On a balmy spring morning, after a breakfast of coffee and plain yogurt at a luxury Manhattan hotel, Jaap van Zweden grabbed his bag of conducting batons and scores by Mozart and Gubaidulina and set out for Lincoln Center through the wilds of Central Park.

“I love the air, I love the trees,” he said. “Everybody can do whatever they want here. This is freedom, absolute freedom.”

Van Zweden, 63, will leave the New York Philharmonic this summer after six seasons as its music director, the shortest tenure of any maestro since Pierre Boulez, the eminent French composer and conductor who led the Philharmonic in the 1970s. Van Zweden helped the orchestra emerge from the turbulence of the pandemic; shepherded it through a trying, nomadic season when its home, David Geffen Hall, was undergoing a $550 million renovation; and led the orchestra when it reopened the sparkling, reimagined hall ahead of schedule, to the delight of musicians and audiences.

But throughout his tenure, van Zweden, an intense, exacting maestro from Amsterdam, faced persistent questions about whether he had the star power, creative drive and strong connection to New York needed to lead the Philharmonic.

During the pandemic, he spent more than a year at home in the Netherlands, which fractured his nascent relationship with the ensemble. And in 2021, he announced that he would step down from his post, far earlier than many people expected.

Van Zweden said he felt no other Philharmonic music director had faced such profound challenges.

“We had to start all over again,” he said. “I feel like we are still in the process of getting to know each other.”
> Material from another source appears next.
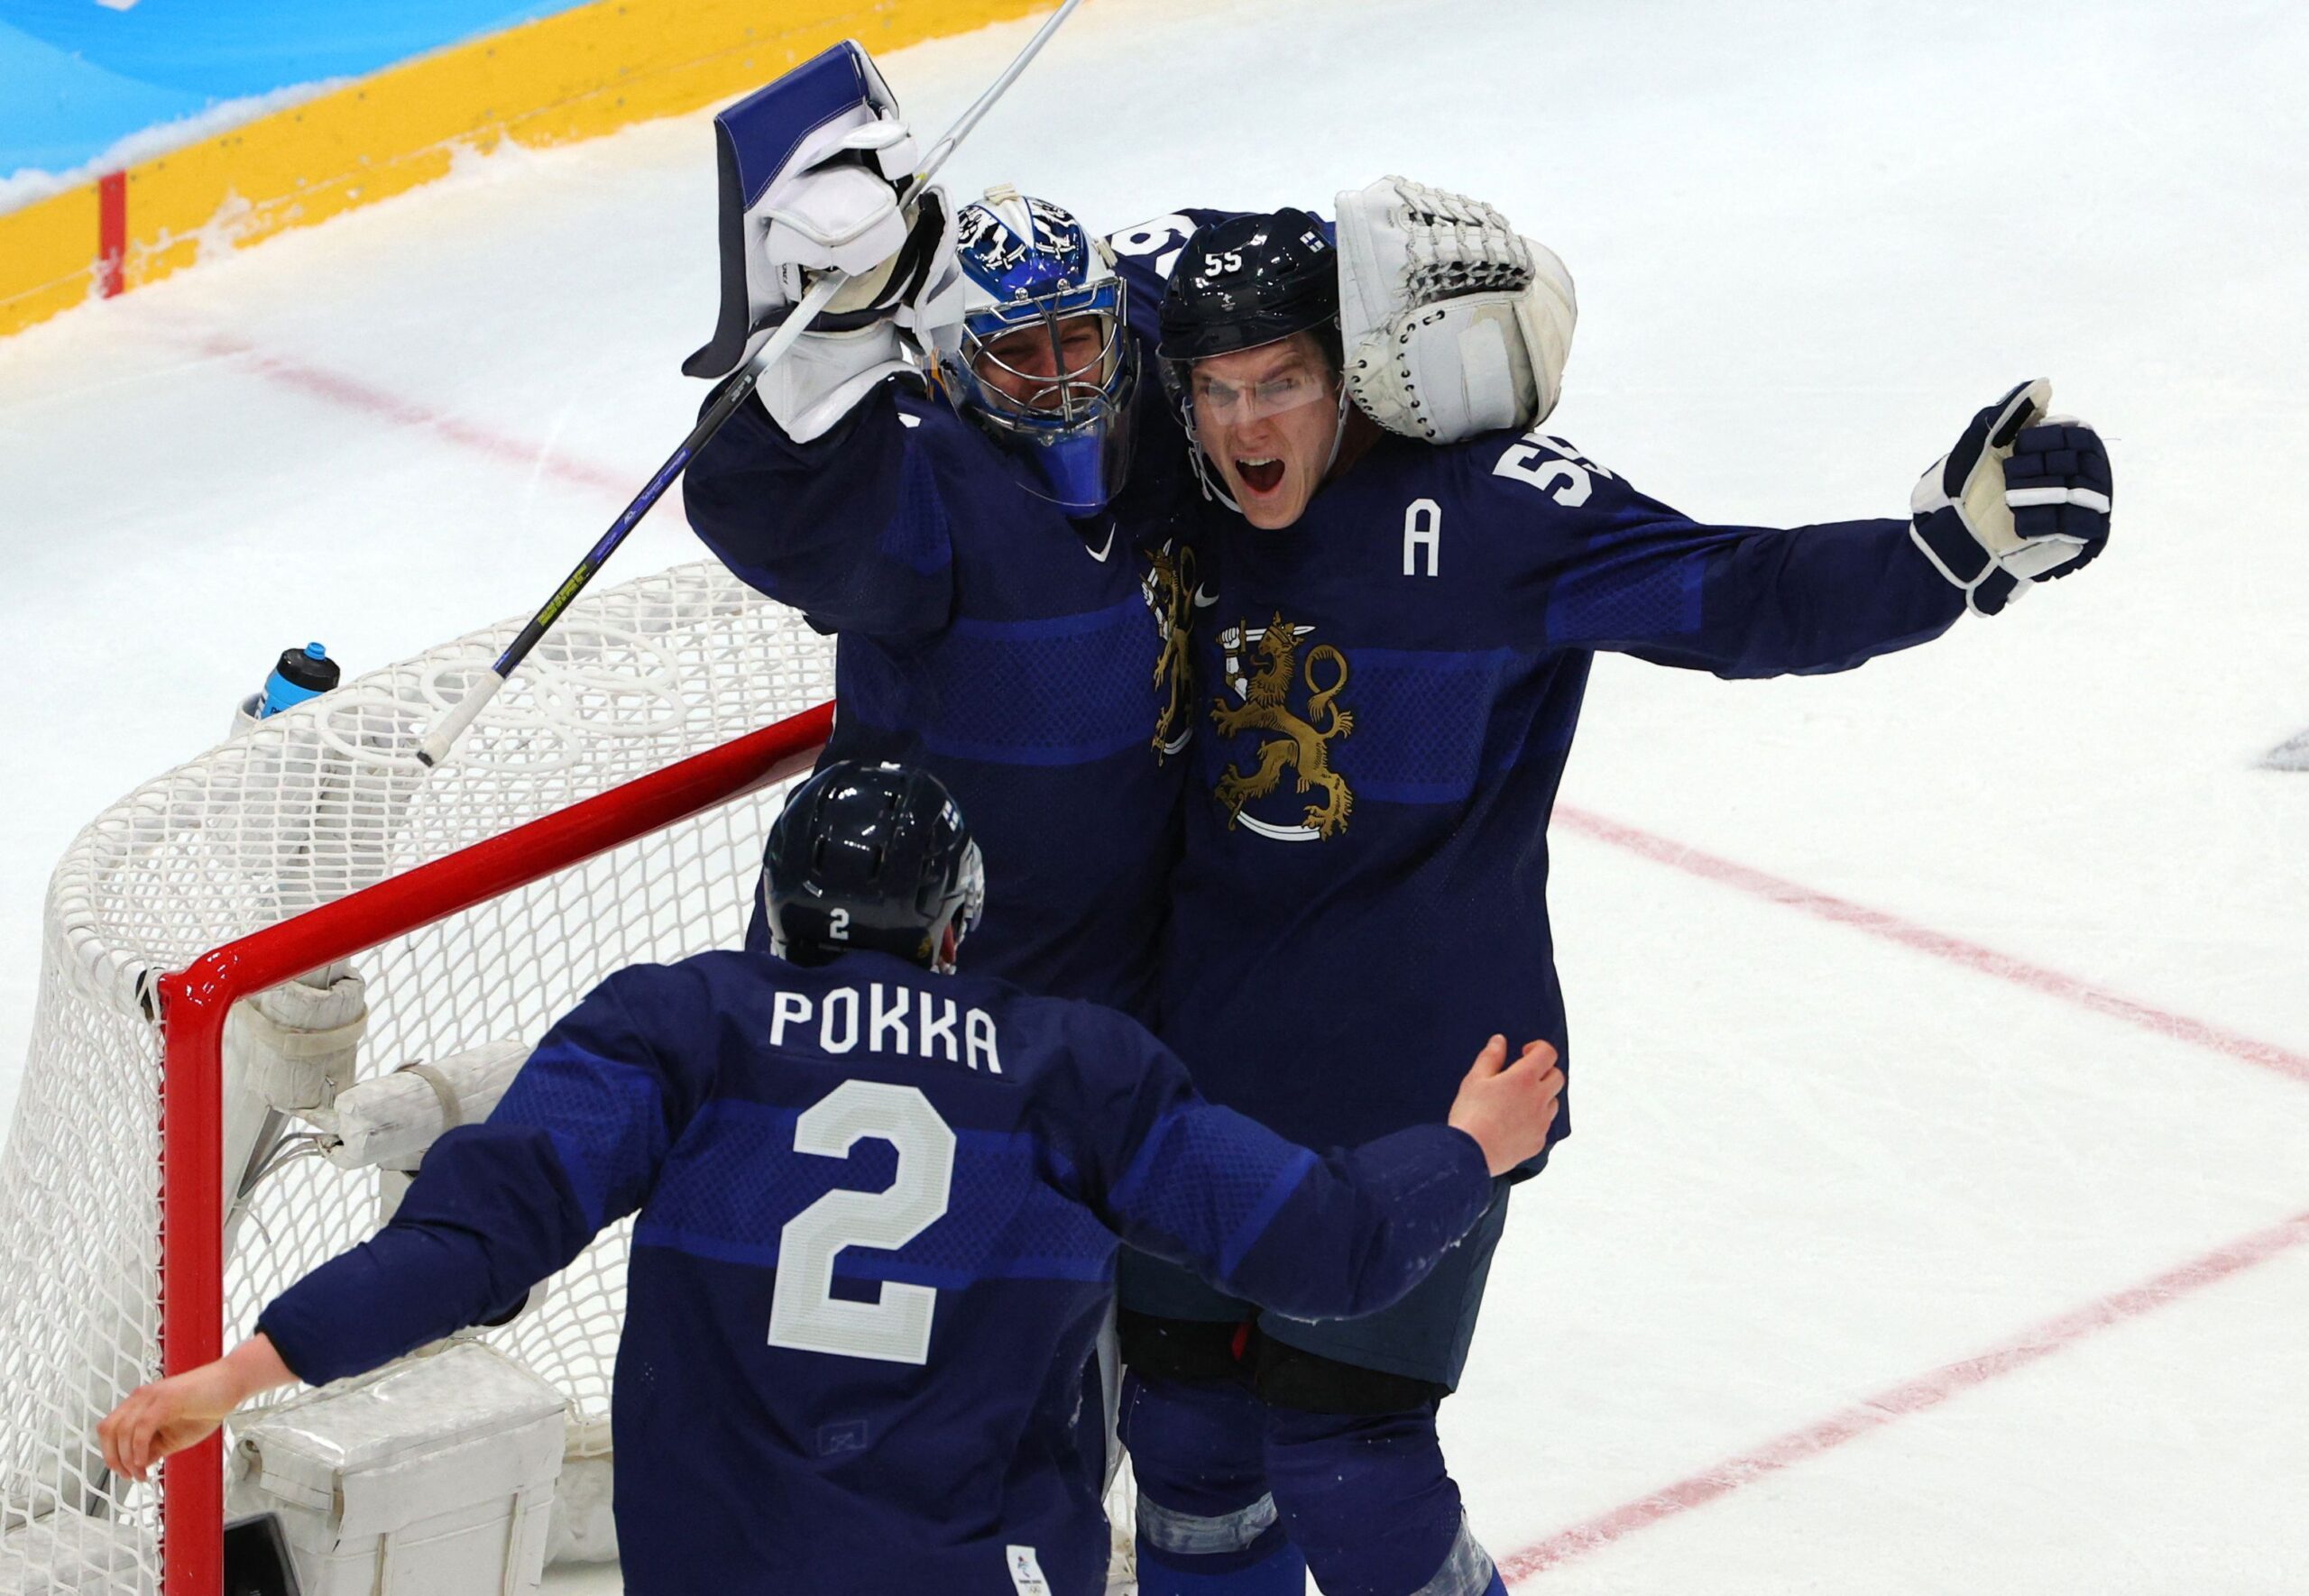 Finland edges ROC in hockey to clinch last gold in Beijing Olympics

He concludes his term at the Philharmonic as a transitional figure: A maestro who never fully left his mark. While he led more than 200 concerts and hired 23 musicians, about a quarter of the orchestra, he has been criticized for lacking a signature artistic vision.

“People just saw him as intense,” said Deborah Borda, the Philharmonic’s president and chief executive from 2017 until last year. “They never saw the other sides of him.”
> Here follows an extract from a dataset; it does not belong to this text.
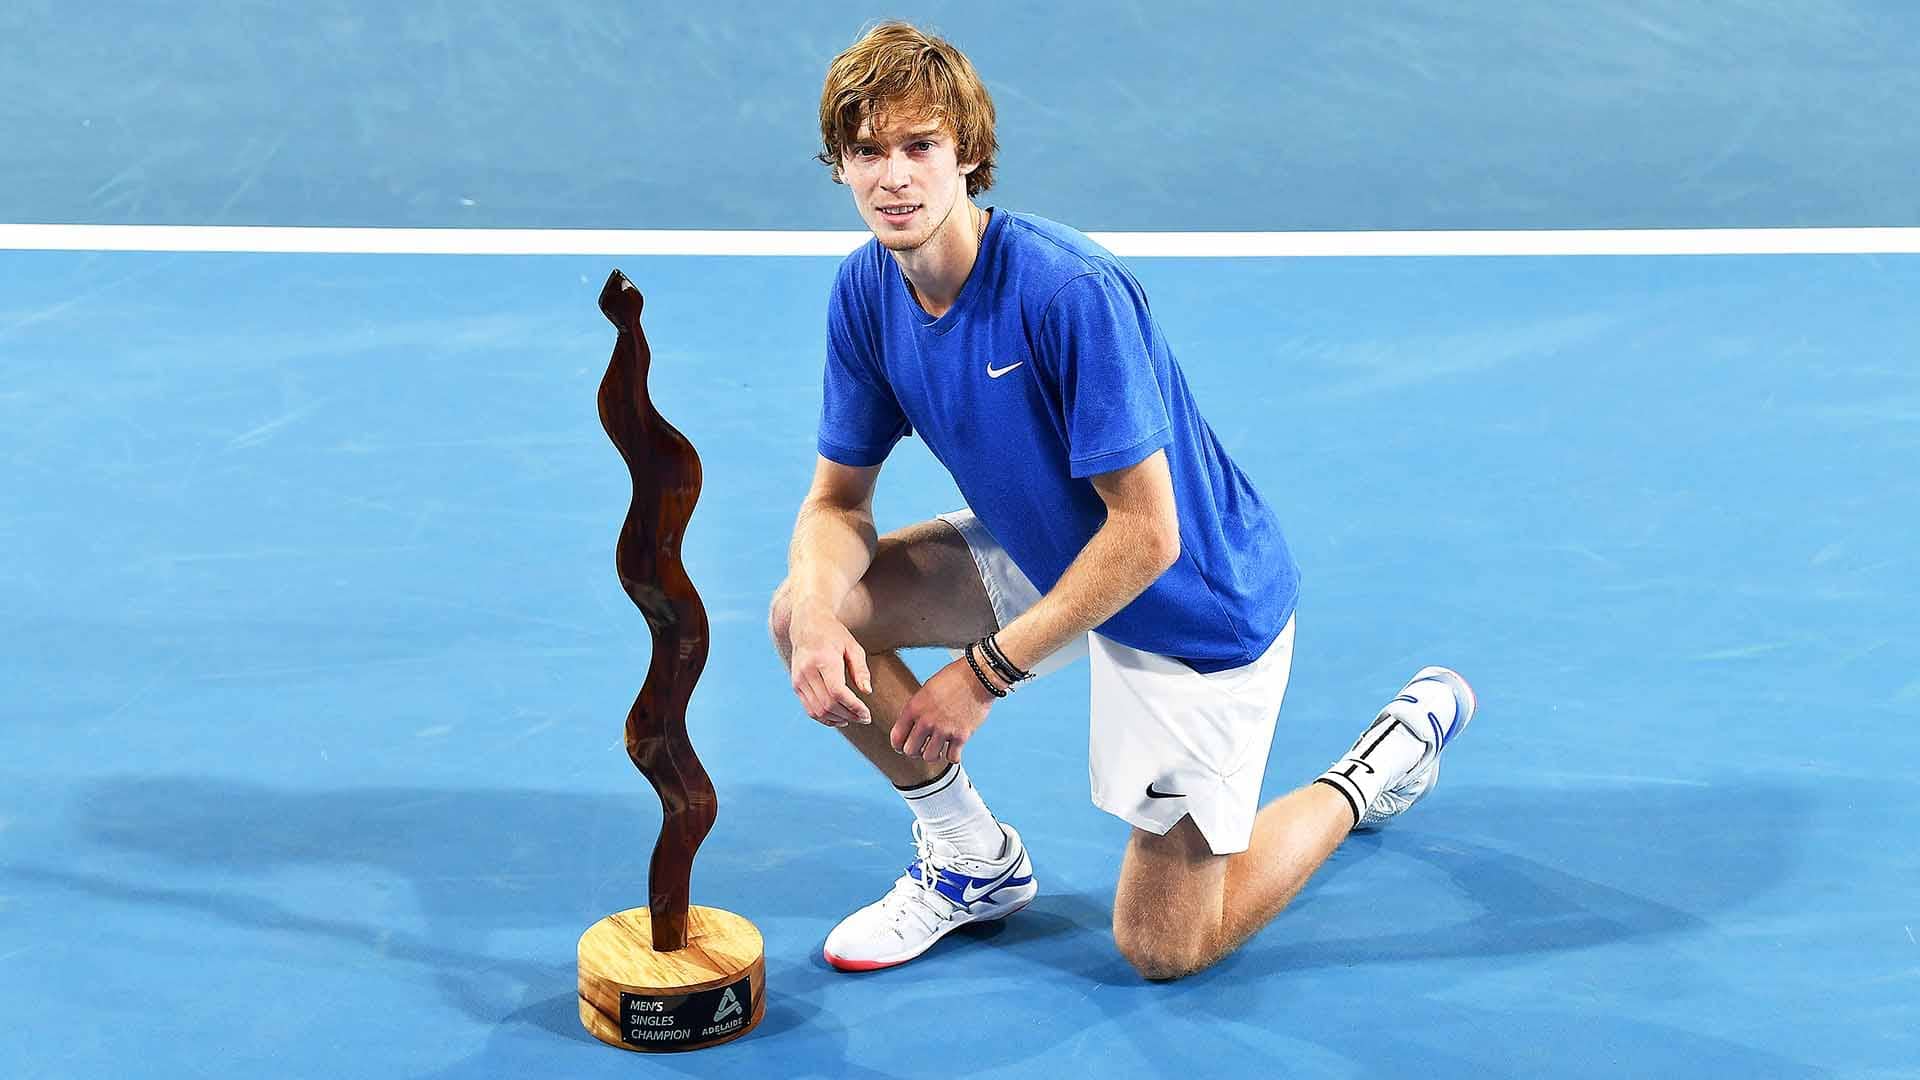 Andrey Rublev owns an 8-0 record this season.

His reserved manner, he acknowledges, was probably a mismatch for the glamour and grandiosity of New York. He does not often speak to audiences or socialize with the Philharmonic’s musicians, staff and donors — he does not drink alcohol, considering it a distraction from his musical studies — and he likes to retreat to his office at Geffen Hall after concerts. When the Philharmonic announced last year that he would be replaced by Gustavo Dudamel, the gregarious, celebrity conductor of the Los Angeles Philharmonic, the contrast was stark.

“We cannot help ourselves, who we are,” van Zweden said. “I realize that New York needs somebody who is a star, somebody who likes to be in front of the lights. And that’s completely normal. I understand. That belongs to the city.”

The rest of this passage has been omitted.